Experimental observation of flow instability control by metamaterial subsurfaces

TL;DR

This study demonstrates a passive, energy-efficient flow control method using phononic metamaterials embedded beneath surfaces to suppress vortex instabilities, reducing turbulence and drag without altering surface texture.

Contribution

The paper introduces a novel passive flow control technique employing phononic metamaterials to suppress vortex instabilities without surface modifications.

Findings

Metamaterials can suppress vortex growth at specific frequencies.

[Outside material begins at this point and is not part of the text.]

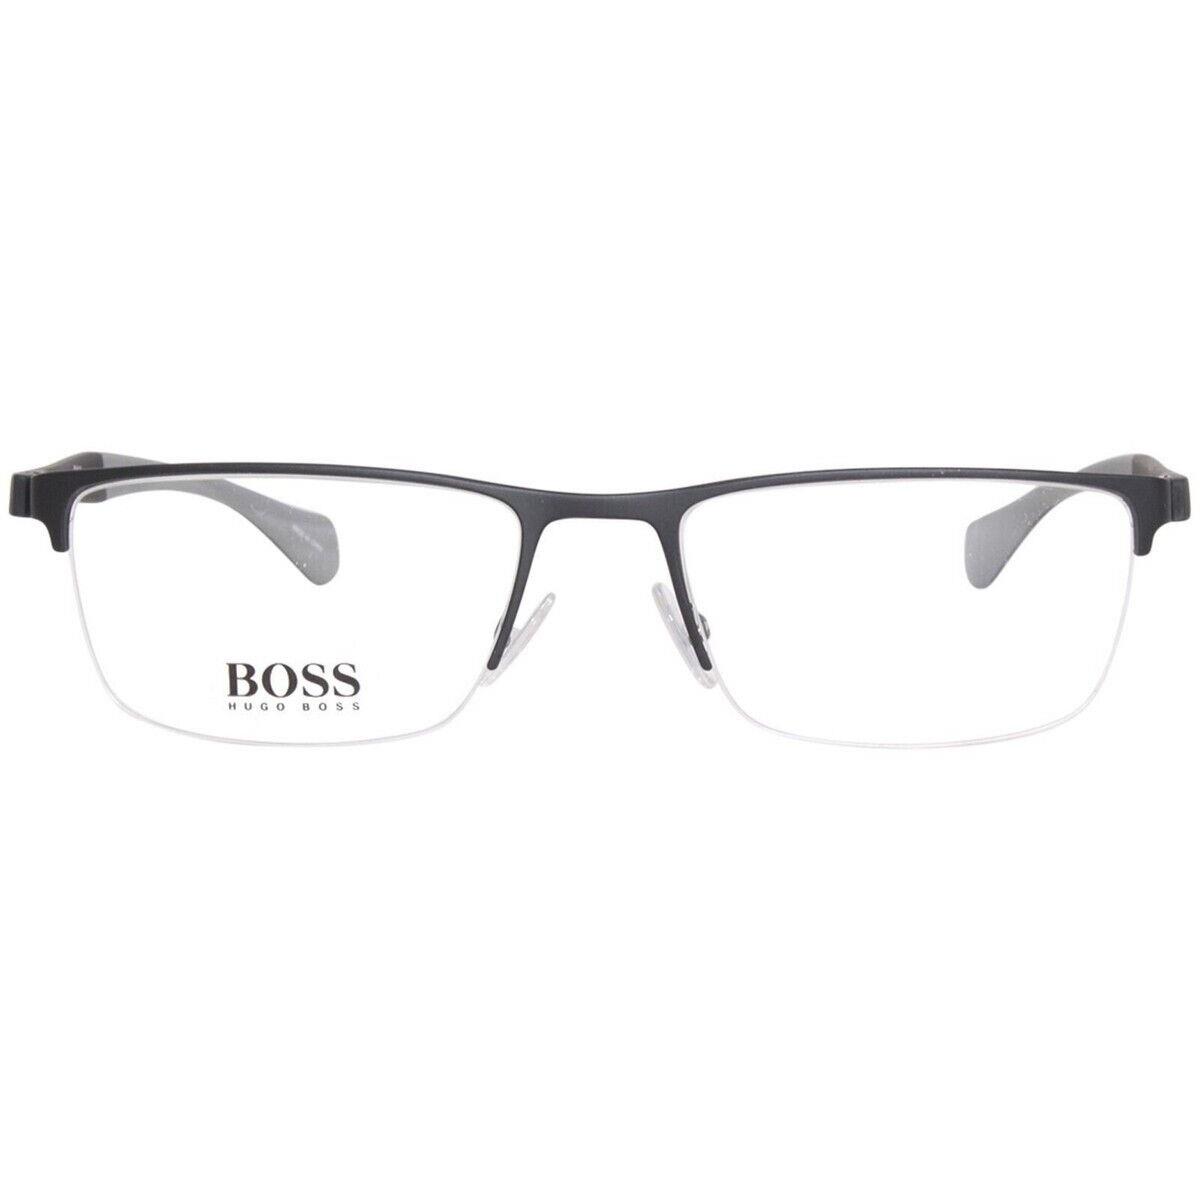 Hugo Boss Eyeglasses BOSS1080-003-56 Size 56/19/Rectangular W Case

Passive control reduces flow turbulence and drag.

Experimental validation confirms effectiveness of the approach.

Abstract

Flow instabilities within a fluid flow can cause laminar-to-turbulent transition over surfaces. These instabilities can result from upstream, wake-generating disturbances, leading to increased drag and turbulence-induced energy losses. Flow control strategies can address these issues through active methods, requiring energy input, or passive systems, which operate without added input. Here, we present a passive approach to flow control using embedded phononic metamaterials to alter vortex instability development, without changing the outer-surface's texture, roughness or compliance. Experiments confirm that our subsurface can suppress vortex growth at target frequencies, demonstrating the potential for energy-efficient flow management with phononic subsurfaces.